>>>

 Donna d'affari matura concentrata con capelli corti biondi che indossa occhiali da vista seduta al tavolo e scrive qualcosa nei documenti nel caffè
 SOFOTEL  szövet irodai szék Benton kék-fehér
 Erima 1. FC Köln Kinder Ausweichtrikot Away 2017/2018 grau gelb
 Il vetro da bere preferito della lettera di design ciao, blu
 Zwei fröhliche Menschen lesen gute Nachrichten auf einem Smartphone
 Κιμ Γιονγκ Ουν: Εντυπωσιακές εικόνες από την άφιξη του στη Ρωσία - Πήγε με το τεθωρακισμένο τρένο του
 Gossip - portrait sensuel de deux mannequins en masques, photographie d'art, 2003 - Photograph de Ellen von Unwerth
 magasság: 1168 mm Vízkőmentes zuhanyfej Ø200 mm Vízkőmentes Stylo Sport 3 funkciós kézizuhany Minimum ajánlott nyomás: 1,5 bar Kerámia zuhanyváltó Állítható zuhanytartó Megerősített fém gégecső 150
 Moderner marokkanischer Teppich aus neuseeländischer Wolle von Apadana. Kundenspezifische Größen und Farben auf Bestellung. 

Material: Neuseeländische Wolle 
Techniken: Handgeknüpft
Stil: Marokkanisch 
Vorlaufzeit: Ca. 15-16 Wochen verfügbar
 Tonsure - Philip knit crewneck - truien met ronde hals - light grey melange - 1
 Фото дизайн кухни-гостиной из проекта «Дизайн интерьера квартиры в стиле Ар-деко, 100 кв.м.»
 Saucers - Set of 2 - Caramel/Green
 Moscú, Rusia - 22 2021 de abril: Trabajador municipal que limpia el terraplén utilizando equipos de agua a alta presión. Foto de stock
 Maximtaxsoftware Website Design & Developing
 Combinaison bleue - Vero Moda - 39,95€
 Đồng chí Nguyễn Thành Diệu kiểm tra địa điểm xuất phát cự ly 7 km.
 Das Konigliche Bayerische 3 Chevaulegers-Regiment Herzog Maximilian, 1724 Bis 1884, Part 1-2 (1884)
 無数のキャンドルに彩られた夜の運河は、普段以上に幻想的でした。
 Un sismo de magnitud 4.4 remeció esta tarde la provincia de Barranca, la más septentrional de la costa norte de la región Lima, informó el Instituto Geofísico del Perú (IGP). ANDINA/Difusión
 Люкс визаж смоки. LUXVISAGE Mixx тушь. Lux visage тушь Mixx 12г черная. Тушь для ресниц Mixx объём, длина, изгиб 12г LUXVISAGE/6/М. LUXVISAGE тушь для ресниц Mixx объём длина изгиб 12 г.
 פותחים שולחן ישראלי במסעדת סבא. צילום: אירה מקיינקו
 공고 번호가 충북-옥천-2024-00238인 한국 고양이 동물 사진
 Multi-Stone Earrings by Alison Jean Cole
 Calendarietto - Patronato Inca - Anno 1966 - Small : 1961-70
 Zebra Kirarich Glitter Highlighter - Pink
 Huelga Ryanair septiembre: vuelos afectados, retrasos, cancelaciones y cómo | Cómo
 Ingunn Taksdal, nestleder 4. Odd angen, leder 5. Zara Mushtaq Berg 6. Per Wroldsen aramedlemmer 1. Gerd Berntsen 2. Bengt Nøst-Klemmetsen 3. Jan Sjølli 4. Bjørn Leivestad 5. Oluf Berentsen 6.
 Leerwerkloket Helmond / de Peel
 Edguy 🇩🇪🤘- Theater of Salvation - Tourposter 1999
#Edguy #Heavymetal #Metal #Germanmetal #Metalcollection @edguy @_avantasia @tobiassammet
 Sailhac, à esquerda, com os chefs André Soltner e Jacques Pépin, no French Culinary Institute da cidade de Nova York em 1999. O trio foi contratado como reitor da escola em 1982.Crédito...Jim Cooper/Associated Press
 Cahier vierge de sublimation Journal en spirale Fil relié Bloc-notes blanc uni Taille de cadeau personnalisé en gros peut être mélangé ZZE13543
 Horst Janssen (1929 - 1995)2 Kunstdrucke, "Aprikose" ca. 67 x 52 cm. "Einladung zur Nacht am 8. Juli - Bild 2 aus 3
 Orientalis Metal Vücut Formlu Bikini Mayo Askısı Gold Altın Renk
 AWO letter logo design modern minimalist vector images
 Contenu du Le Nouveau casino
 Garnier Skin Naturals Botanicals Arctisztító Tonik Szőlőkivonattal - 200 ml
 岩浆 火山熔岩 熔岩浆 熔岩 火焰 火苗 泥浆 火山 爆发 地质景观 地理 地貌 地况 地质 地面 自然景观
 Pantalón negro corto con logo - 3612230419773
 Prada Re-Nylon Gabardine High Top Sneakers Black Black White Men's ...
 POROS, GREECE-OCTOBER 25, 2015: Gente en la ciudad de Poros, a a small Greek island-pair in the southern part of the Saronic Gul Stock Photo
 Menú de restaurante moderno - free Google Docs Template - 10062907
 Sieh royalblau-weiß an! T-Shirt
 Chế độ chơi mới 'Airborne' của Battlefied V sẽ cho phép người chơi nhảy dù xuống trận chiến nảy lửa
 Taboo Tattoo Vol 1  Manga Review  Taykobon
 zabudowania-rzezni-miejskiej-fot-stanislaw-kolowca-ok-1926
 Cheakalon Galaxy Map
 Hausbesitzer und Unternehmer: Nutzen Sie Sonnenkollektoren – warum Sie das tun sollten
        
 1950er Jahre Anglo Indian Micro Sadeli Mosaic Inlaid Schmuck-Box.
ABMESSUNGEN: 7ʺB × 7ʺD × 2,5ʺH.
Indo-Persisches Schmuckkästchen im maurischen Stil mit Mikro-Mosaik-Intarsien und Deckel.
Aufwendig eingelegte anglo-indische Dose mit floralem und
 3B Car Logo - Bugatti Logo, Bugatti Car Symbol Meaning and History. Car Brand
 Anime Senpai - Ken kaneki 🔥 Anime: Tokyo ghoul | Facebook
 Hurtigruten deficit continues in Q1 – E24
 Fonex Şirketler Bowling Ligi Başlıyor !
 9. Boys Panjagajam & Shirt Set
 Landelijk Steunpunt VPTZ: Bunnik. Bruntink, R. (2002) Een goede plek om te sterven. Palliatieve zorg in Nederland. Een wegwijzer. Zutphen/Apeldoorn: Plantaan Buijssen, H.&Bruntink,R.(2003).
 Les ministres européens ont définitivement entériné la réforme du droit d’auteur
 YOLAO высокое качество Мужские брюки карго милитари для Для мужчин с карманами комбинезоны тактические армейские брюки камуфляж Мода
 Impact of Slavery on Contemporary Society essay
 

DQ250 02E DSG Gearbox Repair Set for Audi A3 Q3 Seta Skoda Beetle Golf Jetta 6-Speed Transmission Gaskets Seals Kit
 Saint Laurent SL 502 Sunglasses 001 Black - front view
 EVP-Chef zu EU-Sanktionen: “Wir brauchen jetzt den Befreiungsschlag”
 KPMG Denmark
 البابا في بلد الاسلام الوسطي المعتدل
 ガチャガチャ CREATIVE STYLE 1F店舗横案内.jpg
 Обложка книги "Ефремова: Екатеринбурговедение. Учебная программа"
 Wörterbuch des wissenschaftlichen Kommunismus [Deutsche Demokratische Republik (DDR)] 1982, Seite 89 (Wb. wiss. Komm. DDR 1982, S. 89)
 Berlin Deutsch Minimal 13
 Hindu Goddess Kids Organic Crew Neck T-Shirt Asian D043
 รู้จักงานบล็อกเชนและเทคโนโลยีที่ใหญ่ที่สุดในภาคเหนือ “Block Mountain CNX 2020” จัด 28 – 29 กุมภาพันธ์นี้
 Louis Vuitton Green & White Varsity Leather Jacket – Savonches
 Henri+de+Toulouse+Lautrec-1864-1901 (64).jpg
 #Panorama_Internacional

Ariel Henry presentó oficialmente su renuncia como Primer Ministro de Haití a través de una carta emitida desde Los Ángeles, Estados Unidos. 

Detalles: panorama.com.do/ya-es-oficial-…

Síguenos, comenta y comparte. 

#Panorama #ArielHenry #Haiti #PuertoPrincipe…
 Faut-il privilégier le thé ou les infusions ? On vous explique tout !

<<<

_WHAT THIS TASK INVOLVES_. Taking the material above, extract exactly and only the lines from the line with "Sailhac, à esquerda, com" to the line with "Horst Janssen (1929", inclusive of both.

_TASK RESPONSE_.
 Sailhac, à esquerda, com os chefs André Soltner e Jacques Pépin, no French Culinary Institute da cidade de Nova York em 1999. O trio foi contratado como reitor da escola em 1982.Crédito...Jim Cooper/Associated Press
 Cahier vierge de sublimation Journal en spirale Fil relié Bloc-notes blanc uni Taille de cadeau personnalisé en gros peut être mélangé ZZE13543
 Horst Janssen (1929 - 1995)2 Kunstdrucke, "Aprikose" ca. 67 x 52 cm. "Einladung zur Nacht am 8. Juli - Bild 2 aus 3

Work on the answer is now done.